Пришла тихая ночь. Такая тихая, что слышно, как воркует вода меж прибрежных камней. Ни треска цикад, ни воплей лягушек, от которых звенел воздух еще две недели назад. Тишина, одним словом. Лишь ухнет вдалеке филин или рыба плеснет. Костер погас. В нем и нужды нет: тепло. Детишки уснули. Из взрослых бодрствовали только Тарто, Нифру и младший сын старшины Кадол – ему выпало сторожить.

Тарто подсел к жене. Отблеск лунного света играл на ее косах, уложенных тяжелой короной. На груди Нифру – волшебный камень. Света от него немного, но довольно, чтобы разглядеть личико найденыша, спящего на коленях женщины. Старшина, заинтересовавшись, взял маленькую ручонку. Малыш не проснулся, только губами почмокал.

– Что? – чуть слышно спросила Нифру.

Вместо ответа Тарто приблизил ладошку Фаргала к светящемуся камню. Кожа на ручке чистая и гладкая, совсем не такая, как у бездомных бродяжек, а ногти аккуратно подстрижены. Тарто нахмурился, затем наклонился и так же внимательно изучил босую ножку.

– Он и дня не провел на дороге,– прошептал старшина.

– Понюхай его волосы,– предложила Нифру.– Они пахнут фарнасской смолкой.

– Это что?

– Благовоние. Очень дорогое. Откуда он взялся, Тарто?

– Может, боги послали его? Взамен сына Мили?

Нифру кивнула:

– Может быть. Ты правильно сделал, взяв его к нам.

– А то как же! Я все делаю правильно.– Тарто усмехнулся и погладил жену по спине.

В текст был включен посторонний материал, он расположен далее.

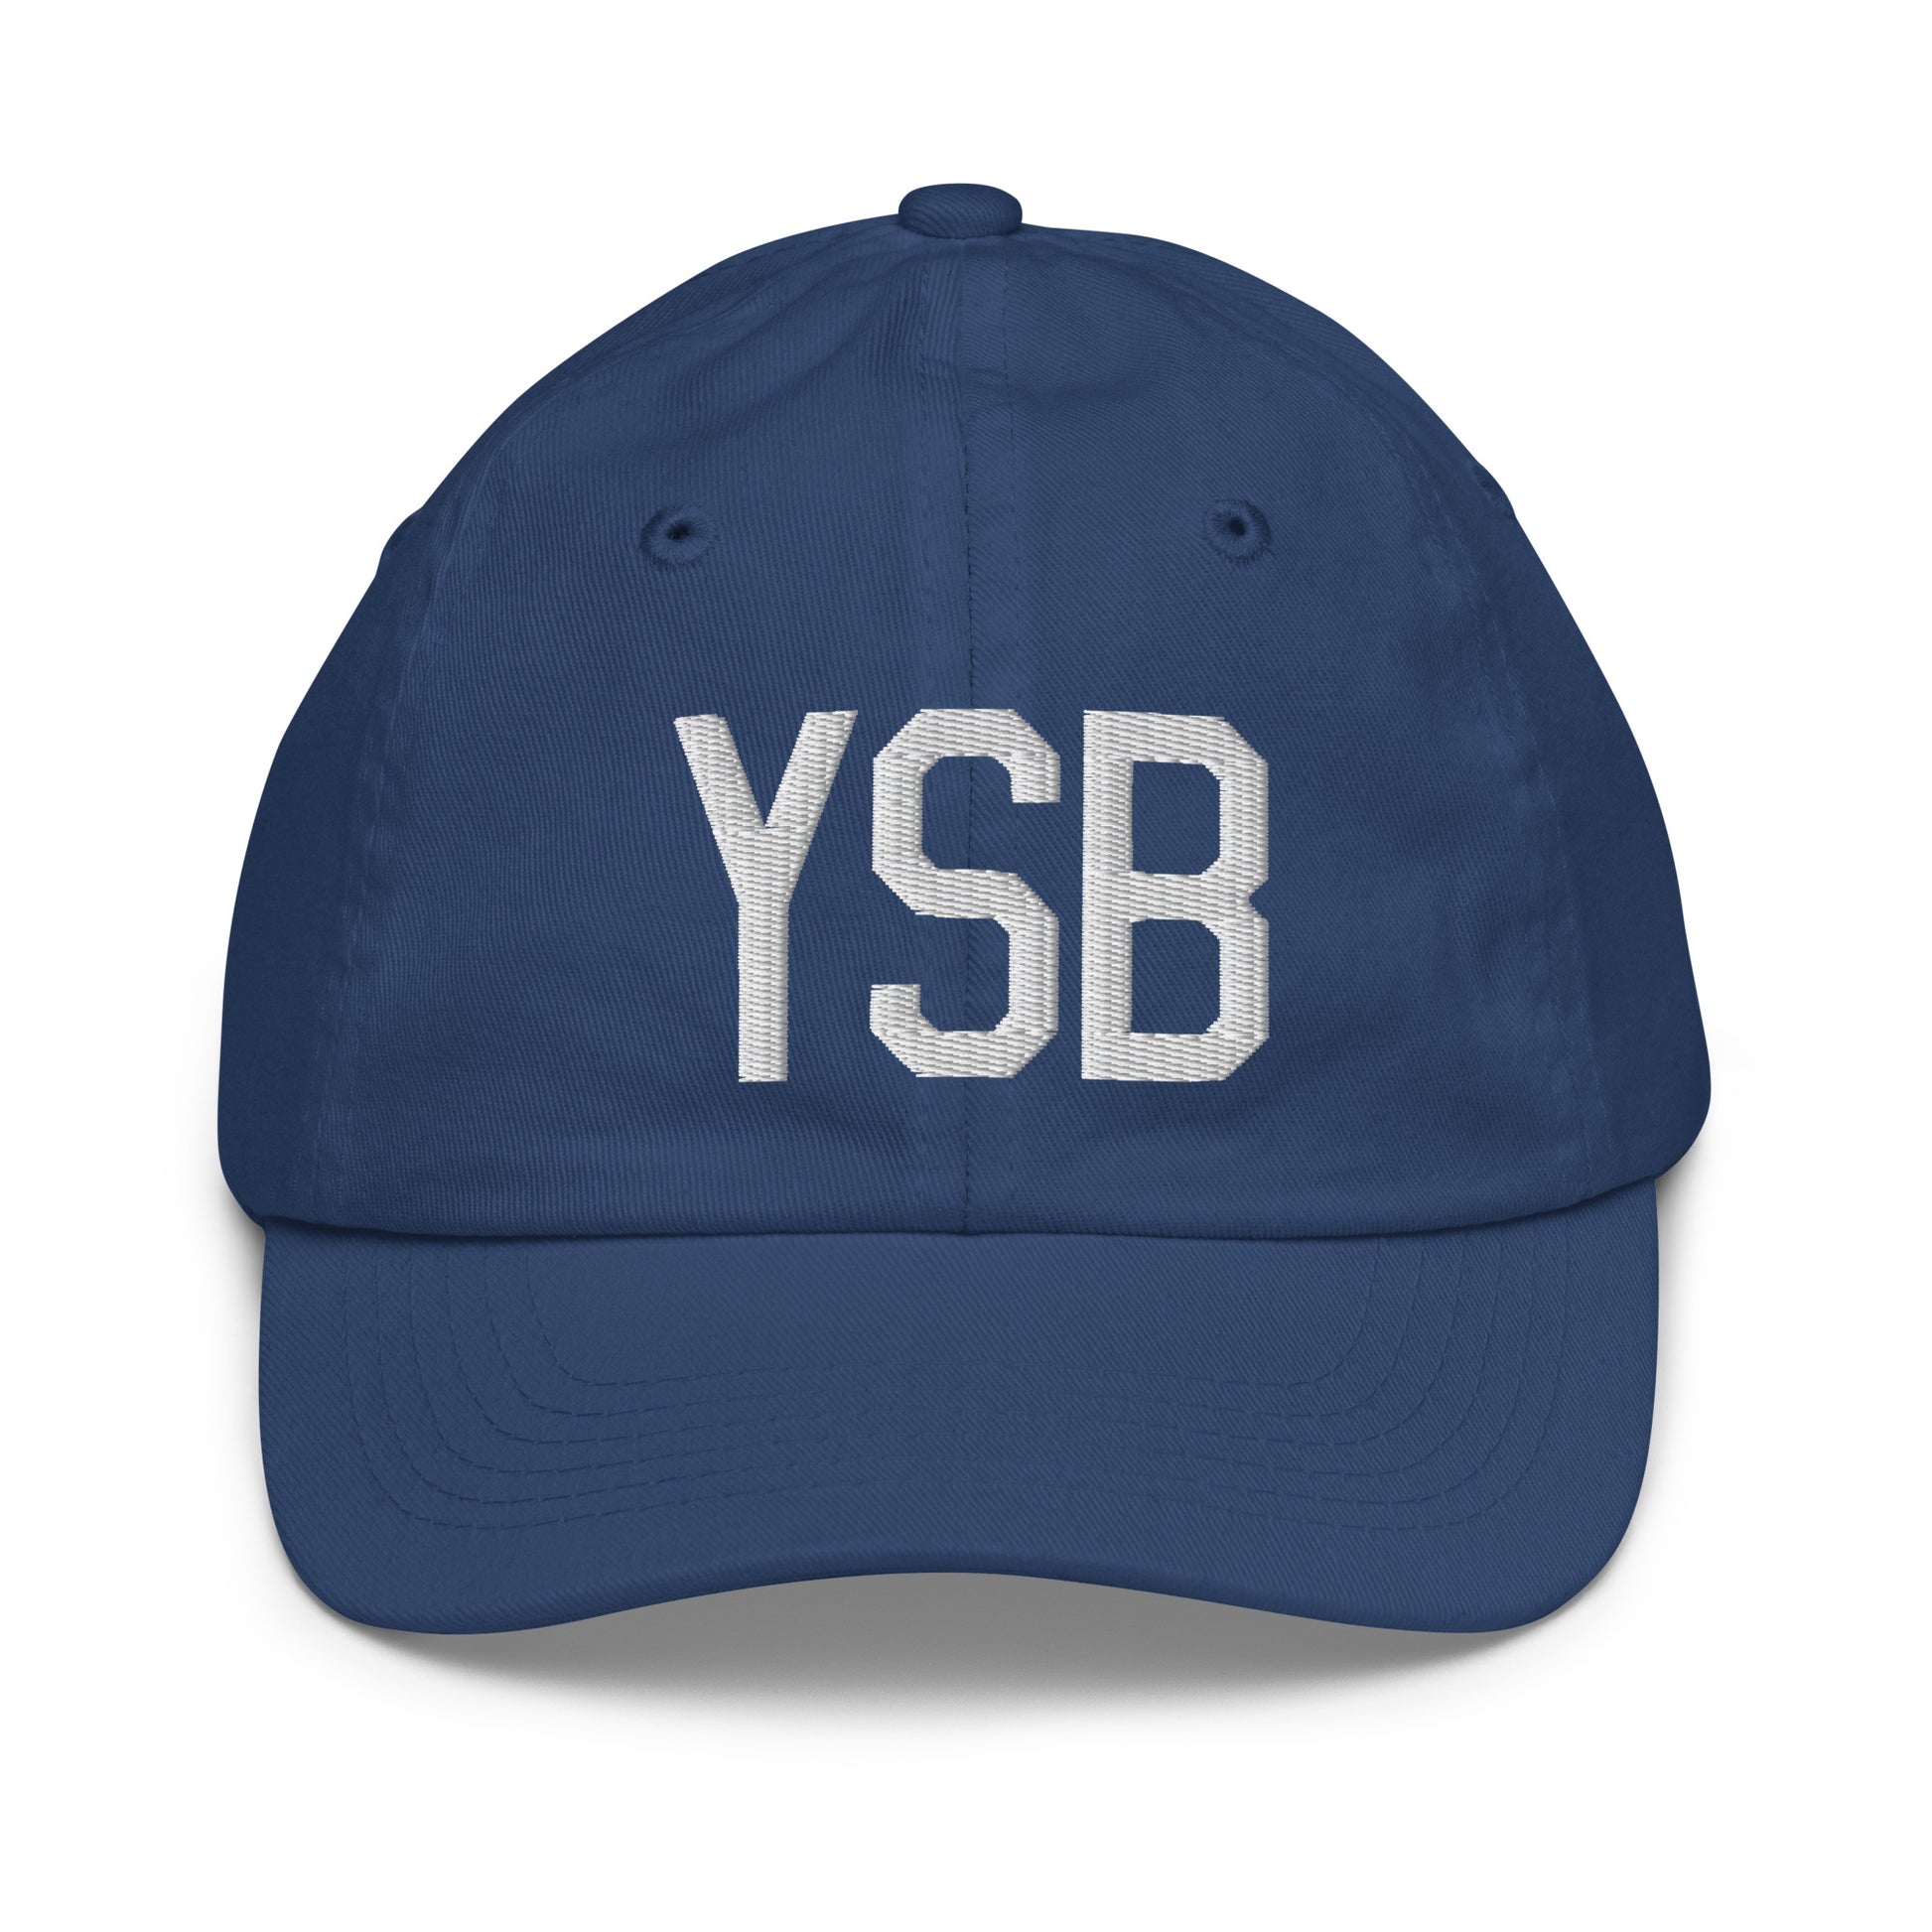 Airport Code Kid's Baseball Cap - White • YSB Sudbury • YHM Designs - Image 20

Когда Нифру думала, взгляд ее останавливался и миндалевидные, широко расставленные глаза казались незрячими. Страшновато. Зато в свои сорок с лишком лет она все еще оставалась красавицей с гладкой кожей и легкой походкой юной девушки. Женщины Фетиса долго остаются молодыми… Но потом в считанные годы из цветущих дев превращаются в старух.

– Давай спать, милая,– ласково проговорил Тарто.

– Я еще посижу.

– Дело твое.

Тарто улегся на шерстяное одеяло, накрылся плащом, чтоб не очень донимали комары, и уснул. Он надеялся, что боги пошлют ему вещий сон о найденыше, но надеялся зря. Снилась ему пивнушка на окраине Вертална и какие-то моряки, которых он обыграл в кости. Ничего божественного.

2

Фаргал сидел на заднем краю фургона и, болтая ногами, смотрел, как выбегает из-под днища желтая дорога и дымные струйки пыли поднимаются от грохочущих колес. На голове мальчика красовалась широкополая соломенная шляпа с красной каймой и кожаным узким ремешком. Шляпу эту сегодня утром смастерил ему дедушка Тарто, а холщовые, крашенные в синее ягодным соком штаны когда-то принадлежали Бубенцу, семилетнему внуку Тарто. Вот он, Бубенец, сидит рядом и, высунув от напряжения язык, прилаживает воронье перо к хвостовику стрелы.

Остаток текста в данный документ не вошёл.